I am a 47-year-old who recently stumbled upon your website. What a relief! I thought for sure that we Christians of the last 25 or 30 years had completely messed up the next generation with our nasty, silly, political hackery and our total disregard for those less fortunate than we are—even though we were that fortunate only by the grace of God, whom we professed and proselytized about to any and all.

Instead, I found a group of younger, second-generation evangelical Christians who have understood that their parents (us) had screwed up, and that wasn’t the point. The point was that God is greater than any of our silliness—God is what is important, and God is both our strength and our balance.

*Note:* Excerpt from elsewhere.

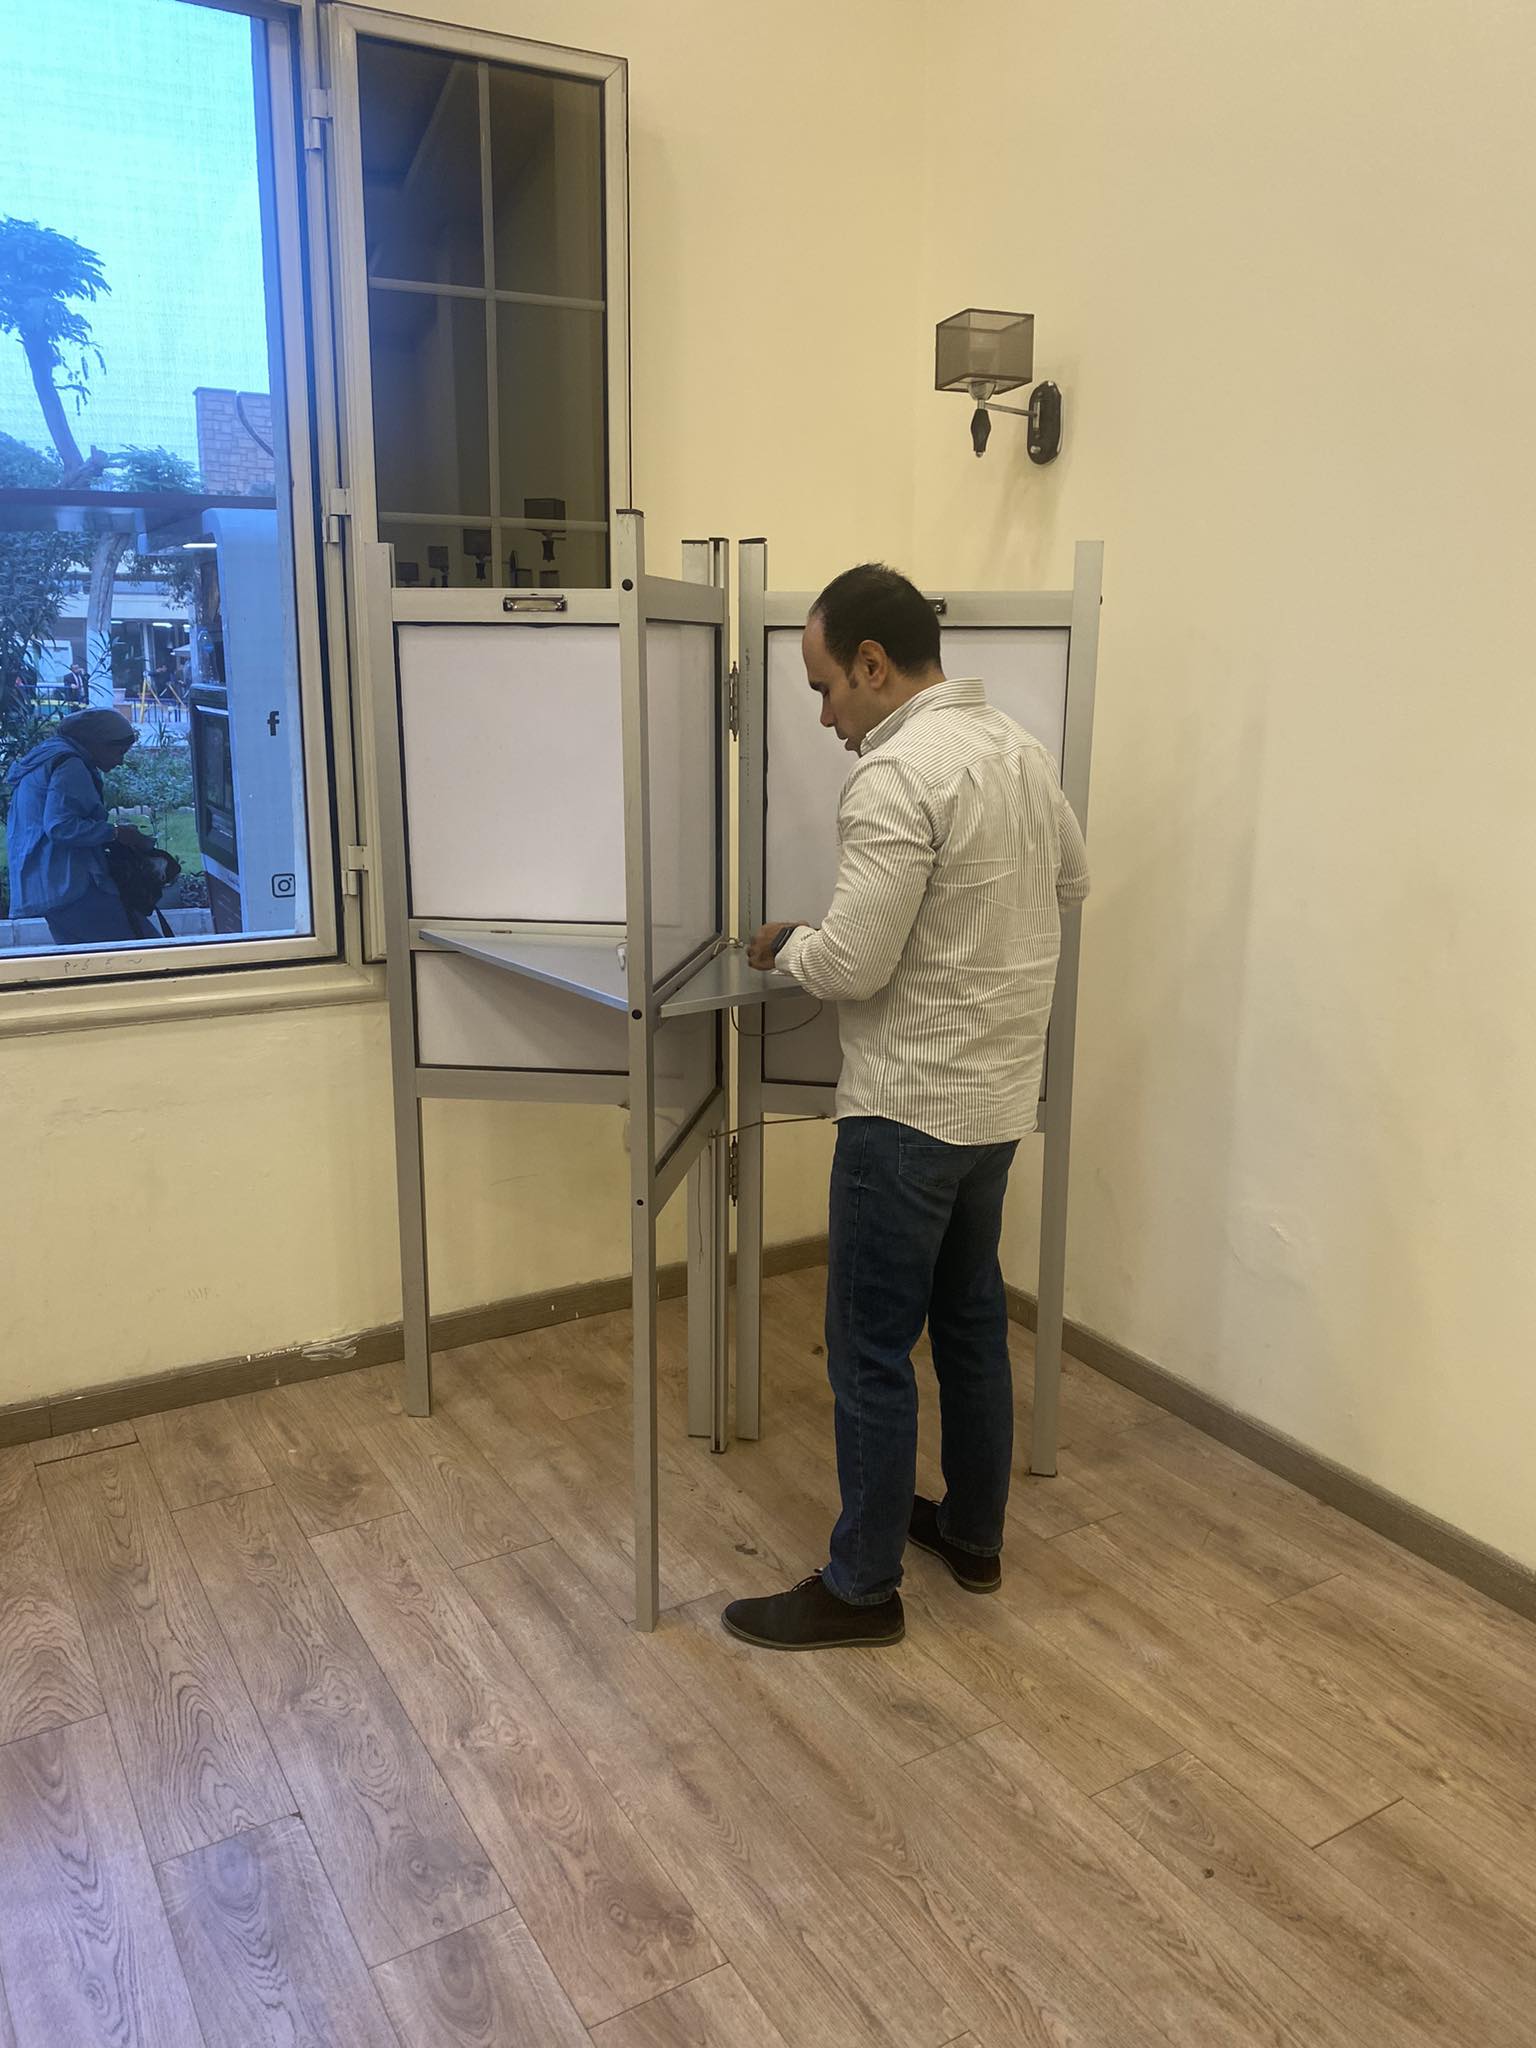 الصحفى ابراهيم احمد اثناء الادلاء بصوته فى الانتخابات الرئاسية

In reading the website, I am seeing a sense of recovery from and an ownership of the mantle of Christianity and its leadership. I certainly understand the "recovery" from religion part. As a young man, I, too, considered myself like that, in the archetypical sense of being a "recovering Catholic." I had to come to God in my own way, in my own time. But as I went through that, I also started noticing the parts that Catholics did right as much or more than what they did wrong, those things that drove me out of the Church. I see that kind of acceptance and reflection here. That gives me much hope that the next generation will do a much better job than we did.

We had been living through some very heady times, in a way. We were at the confluence of the right idea, the right set of people, the right demographics, the right technologies and the right time in history. And we blew all to hell. Almost literally. What I am referring to is the evangelical movement of the last 30 years or so. It was, to me, a revelation. This is what loving God could be like. This is what God has in store for me. This makes sense in my life. Ah, but then just look what we did with it.

When did the politics of prayer become more important than helping the poor? When did legislating about evolution on a state level become more important than living according to God’s tenant of loving your neighbor as yourself? I’ll tell you when. It happened when we found out it was really hard to do those things. We had developed enough political strength in numbers and fervor for the things that don’t matter. We had not found the way in our hearts for the things that do matter.

Unfortunately, that is part of your legacy, and it is my dishonor. In some sense, it was because many of us were babies in our faith, as in the first in our families to really try to live in this new paradigm. We did not have that legacy in front of us to show us the way. So we made a lot of mistakes that come with having power and conviction, but not necessarily the reflection that we needed.

But, we may have given you some opportunities and gifts that you can use. Obviously, you can learn from our mistakes. You can also use our base, our connections, our current political power to your advantage.

So, I ask of you now, please take the ball and run with it. We have taken it thus far. You could even say we fumbled it. You will run in a different direction. You will trip and fall. But, if this site and other things that I have seen in the last few years are any indication, you are running toward God. That is all I can ask.

[Tom E. Boland is a 47-year-old guy who has seen this stuff in his life.]